Add merge, and keep-parts flags

grafana · jeschkies · Feb 16, 2023 · Oct 27, 2022 · Oct 28, 2022 · Dec 18, 2022
commit 12a2bb0fc2c1fc9d49b2f4c59d43300fa9e288aa
@@ -76,7 +76,54 @@ data points between the start and end query time. This output is used to
 build graphs, similar to what is seen in the Grafana Explore graph view.
 If you are querying metrics and just want the most recent data point
 (like what is seen in the Grafana Explore table view), then you should use
-the "instant-query" command instead.`)
+the "instant-query" command instead.
+
+Parallelization:
+
+You can download logs in parallel, there are a few flags which control this
+behaviour:
+
+	--parallel-duration
+	--parallel-max-workers
+	--part-file-prefix
+	--overwrite-completed-parts
+	--merge-part-files
+	--keep-part-files
+
+Refer to the help of these specific flags to understand what each of them do.
+
+Example:
+
+	logcli query
+	   --timezone=UTC
+	   --from="2021-01-19T10:00:00Z"
+	   --to="2021-01-19T20:00:00Z"
+	   --output=jsonl
+	   --parallel-duration="15m"
+	   --parallel-max-workers="10"
+	   --part-file-prefix="/tmp/my_query"
+	   --merge-part-files
+	   'my-query'
+
+This will start 10 workers, and they will each start downloading 15 minute
+slices of the specified time range.
+
+Each worker will save a "part" file to the location specified in the prefix.

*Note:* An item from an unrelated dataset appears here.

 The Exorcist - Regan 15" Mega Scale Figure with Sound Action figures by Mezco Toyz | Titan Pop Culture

+Different prefixes can be used to run multiple queries at the same time.
+The timestamp of the start and end of the part is in the file name.

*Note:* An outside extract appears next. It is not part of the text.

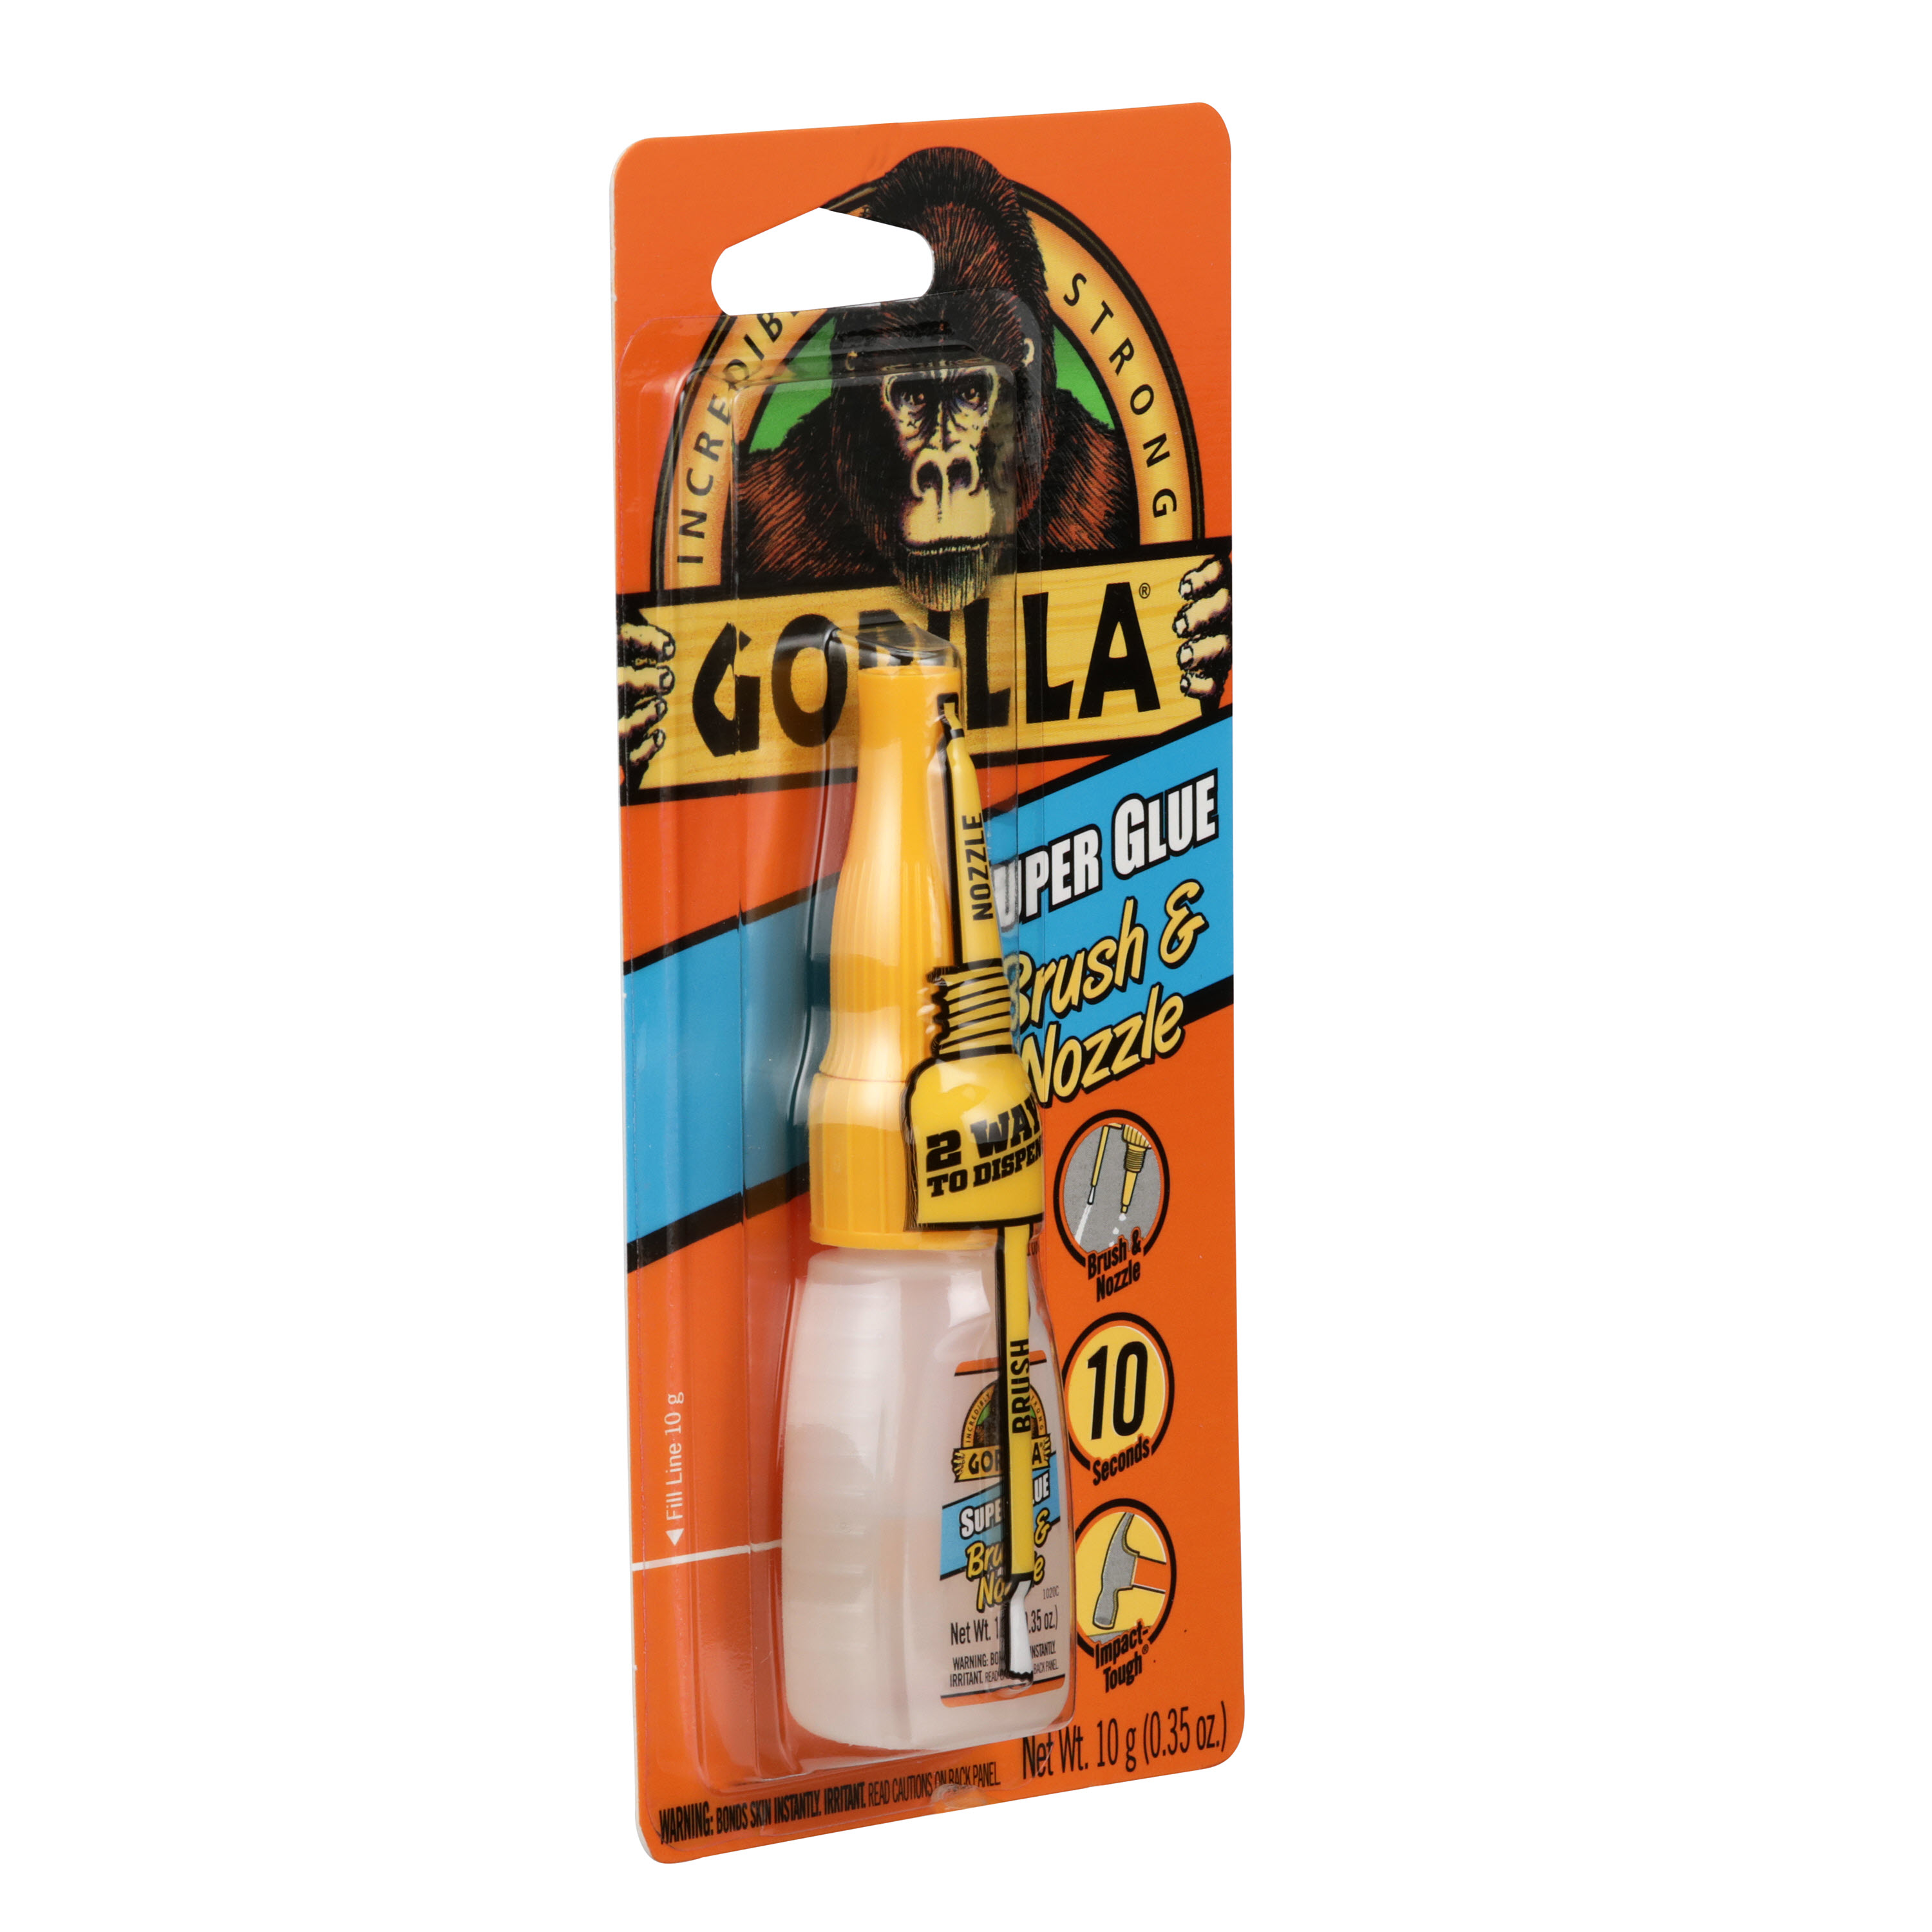 Gorilla Glue Super Glue Brush & Nozzle 10g

+While the part is being downloaded, the filename will end in ".part", when it
+is complete, the file will be renamed to remove this ".part" extension.
+By default, if a completed part file is found, that part will not be downloaded
+again. This can be overridden with the --overwrite-completed-parts flag.
+
+If you do not specify the --merge-part-files flag, the part files will be
+downloaded, and logcli will exit, and you can process the files as you wish.
+With the flag specified, the part files will be read in order, and the output
+printed to the terminal. The lines will be printed as soon as the next part is
+complete, you don't have to wait for all the parts to download before getting
+output. --merge-part-files will remove the part files when it is done reading
+each of them, to change this, you can add --keep-part-files and the part file
+wParallelizationill not be removed.`)
 	rangeQuery = newQuery(false, queryCmd)
 	tail       = queryCmd.Flag("tail", "Tail the logs").Short('t').Default("false").Bool()
 	follow     = queryCmd.Flag("follow", "Alias for --tail").Short('f').Default("false").Bool()
@@ -380,6 +427,8 @@ func newQuery(instant bool, cmd *kingpin.CmdClause) *query.Query {
 		cmd.Flag("parallel-max-workers", "Max number of workers to start up for parallel jobs. A value of 1 will not create any parallel workers.").Default("1").IntVar(&q.ParallelMaxWorkers)
 		cmd.Flag("part-file-prefix", "When set, each server response will be saved to a file with this prefix. Creates files in the format: 'prefix-unix_start-unix_end.part'. Intended to be used with the parallel-* flags so that you can combine the files to maintain ordering based on the filename. Default is to write to stdout.").StringVar(&q.PartFilePrefix)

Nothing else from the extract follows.